CostaLab / reg-gen

Regulatory Genomics Toolbox: Python library and set of tools for the integrative analysis of high throughput regulatory genomics data.
https://reg-gen.readthedocs.io/
Other
106 stars 30 forks source link

RGT-HINT genome files are incompatible with nf-core ATAC-seq pipeline. #232

Open hyjforesight opened 2 years ago

hyjforesight commented 2 years ago

Hello RGT-HINT, I met error messages when running RGT-HINT footprinting:

rgt-hint footprinting --organism mm10 --paired-end --output-location /mnt/e/HYJ/2022_7_23_ATAC-seq/results/RGT_HINT/ --output-prefix footprint_WT --atac-seq /mnt/e/HYJ/2022_7_23_ATAC-seq/results/bwa/mergedReplicate/control.mRp.clN.sorted.bam /mnt/e/HYJ/2022_7_23_ATAC-seq/results/bwa/mergedReplicate/macs/broadPeak/control.mRp.clN_peaks.broadPeak
Report: The scikit HMM encountered errors when applied. in region (10,52417320,52418086). This iteration will be skipped.

I'm using bam files generated by nf-core pipeline.

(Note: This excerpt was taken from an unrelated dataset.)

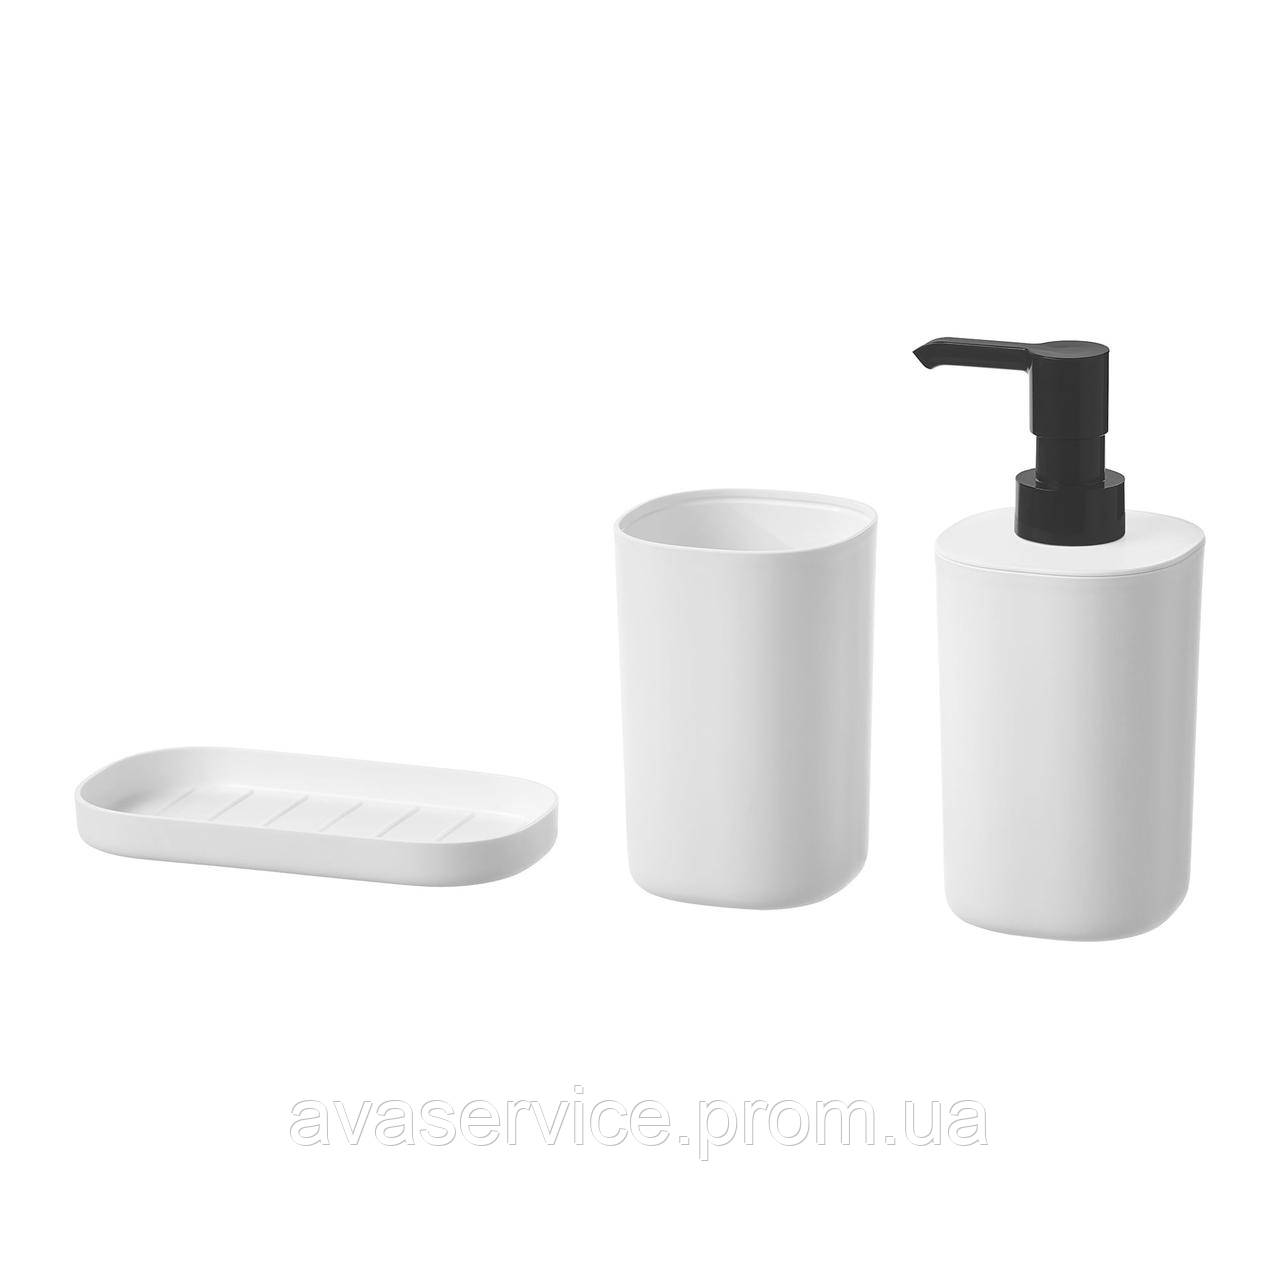 Набор аксессуаров IKEA STORAVAN для ванной комнаты 3 предмета 704.290.03
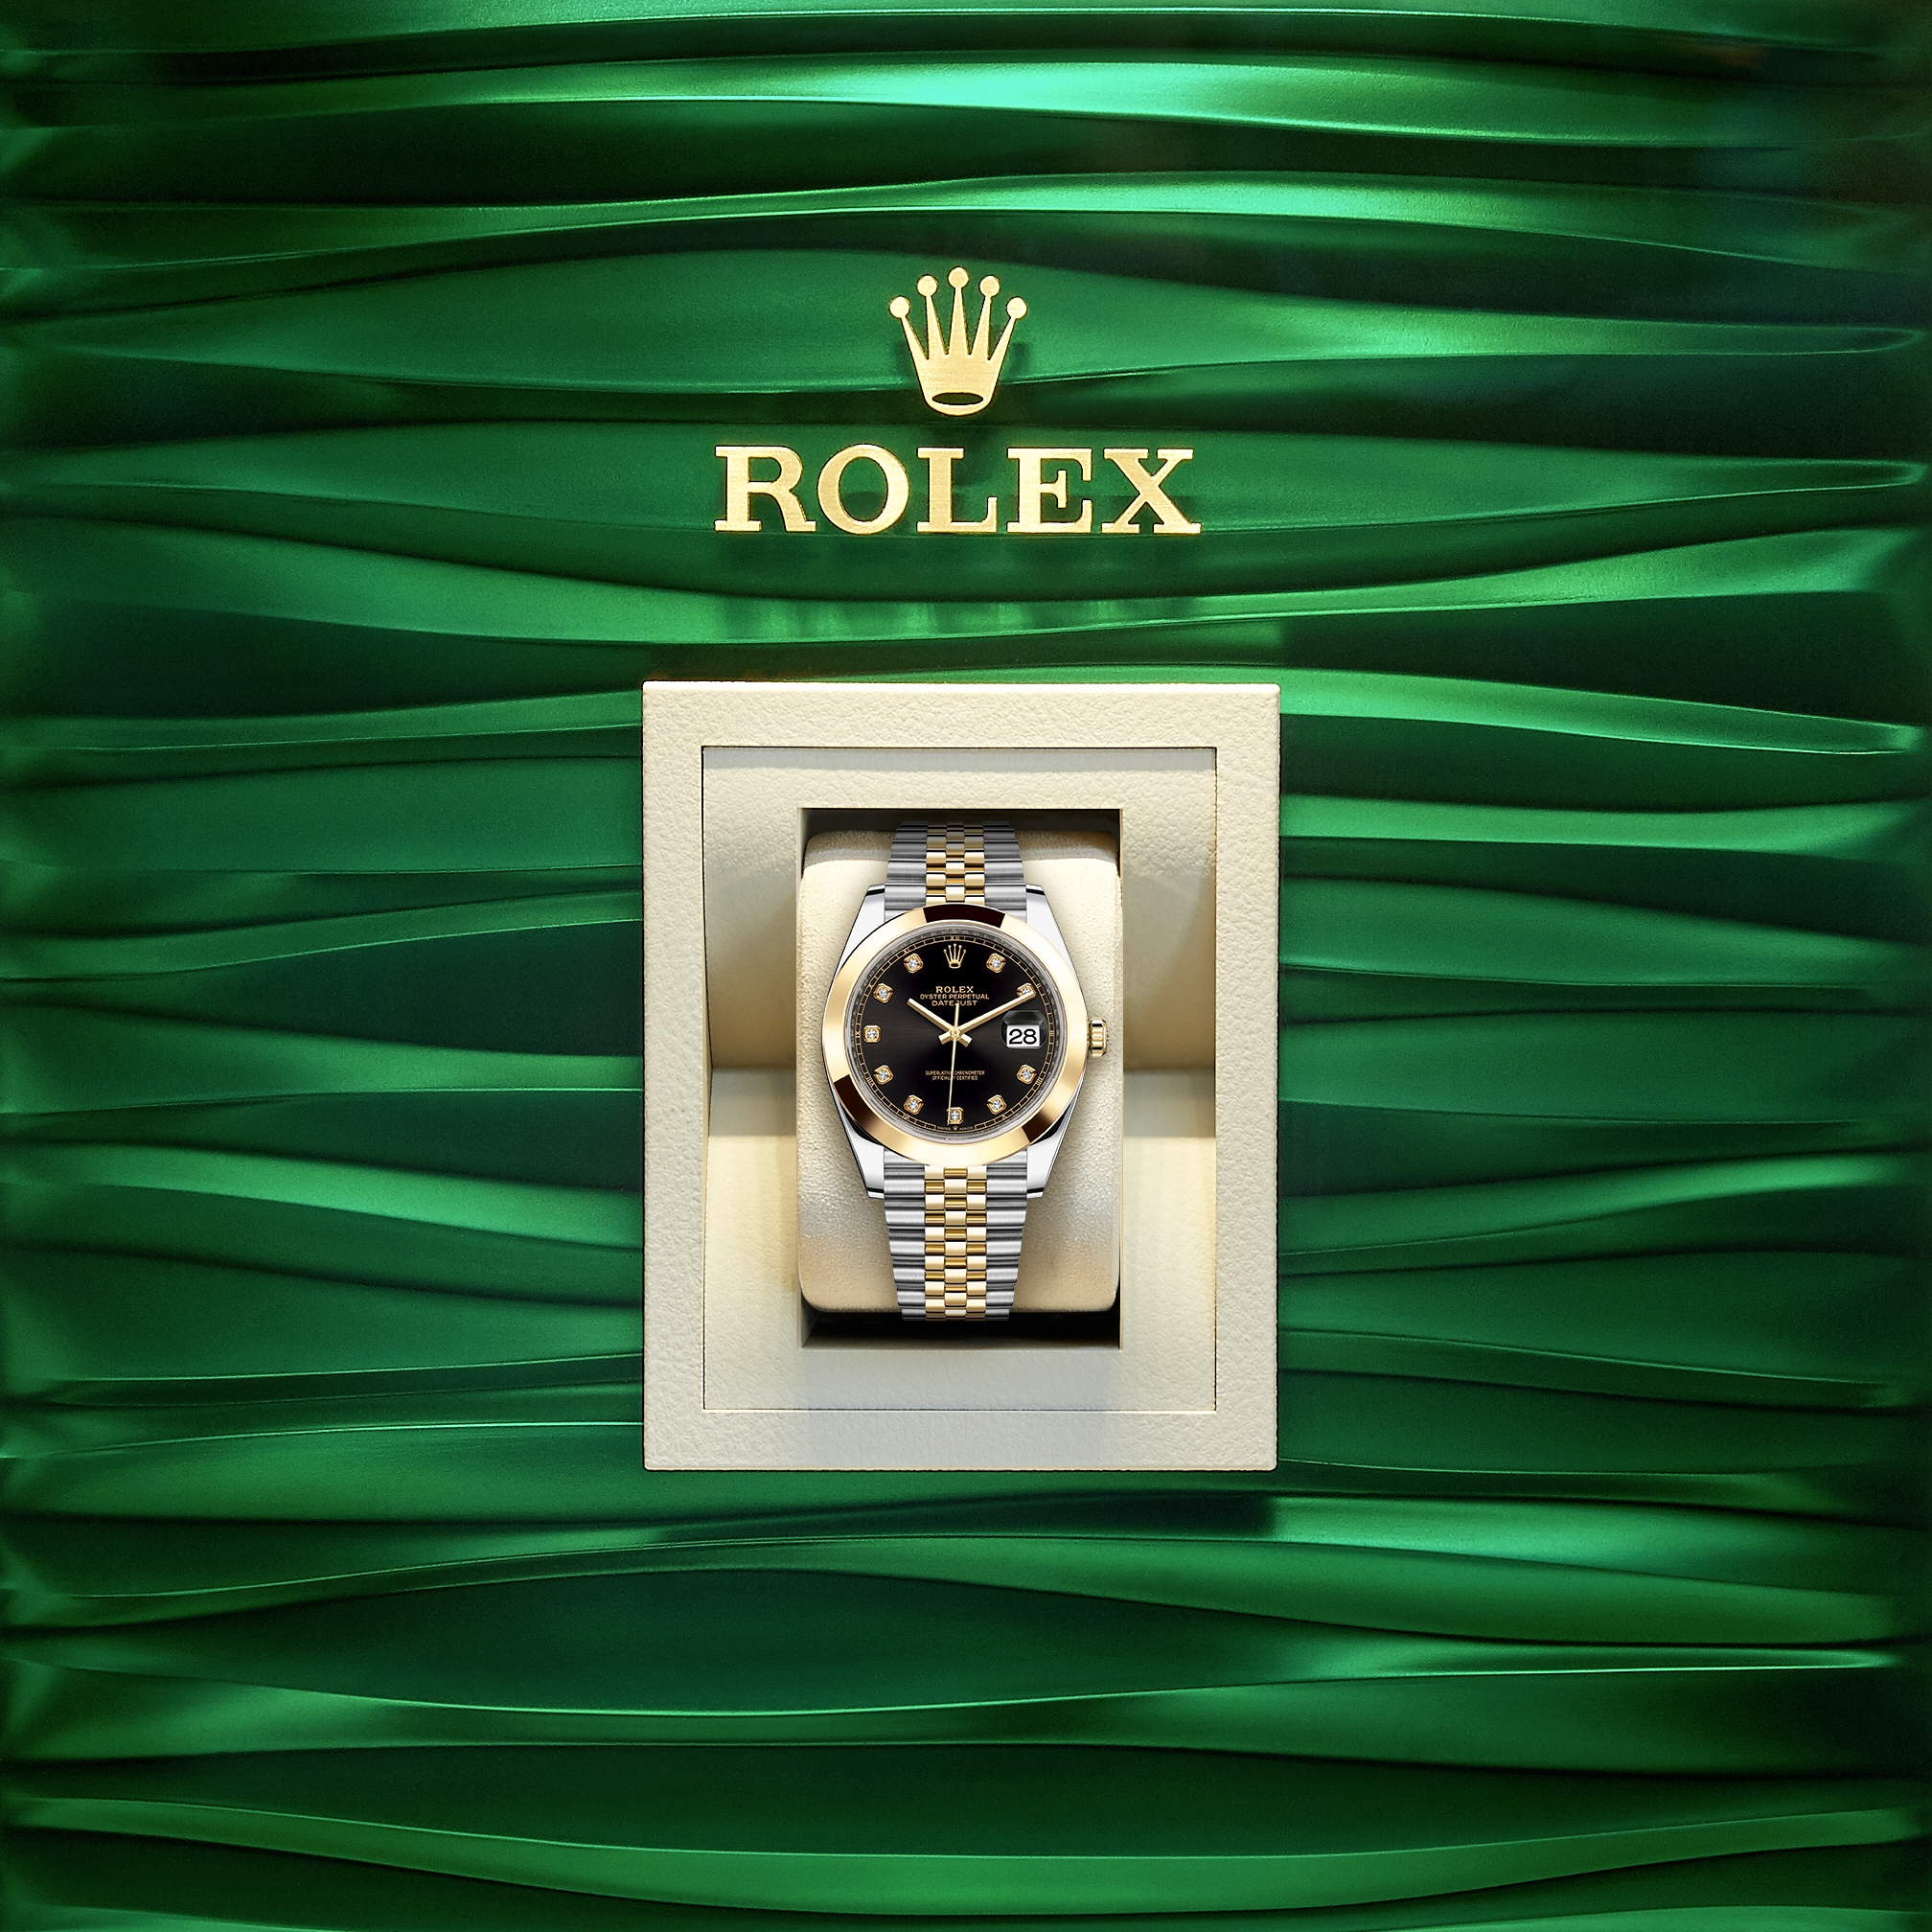 Rolex Big ovetone ref 6098 acier from 1962

They used reference genomes which were downloaded on July 17, 2015. I believe the above error was caused by the coordinate inconsistency between their reference genome file and the reference genome file that RGT-HINT configured from Encode vM25. image

I think the way to solve this error is to replace the files under ~/rgtdata/mm10/ folder with the genome files nf-core pipeline used. The nf-core pipeline supplies genome.fa, genome.fai, and chrom.sizes files, so I can replace genome_mm10.fa, genome_mm10.fa.fai and chrom.sizes.mm10 under ~/rgtdata/mm10/ folder. image I know I can download gencode.annotation.gtf file matching nf-core versions from Gencode, but where can I download genes_Gencode_mm10.bed and genes_RefSeq_mm10.bed? Is it necessary to also replace genes_Gencode_mm10.bed and genes_RefSeq_mm10.bed matching the versions with nf-core?

Thanks! Best, Yuanjian

Delta-43 commented 1 year ago

I was facing a similar issue and turns out the naming of the chromosomes was the issue. Essentially the default files for the genomes in ~/rgtdata are in UCSC format whereas my dataset was using the NCBI format, basically chr1 vs 1. I fixed it by replacing the default fasta file, the gtf file and the chrom.sizes file.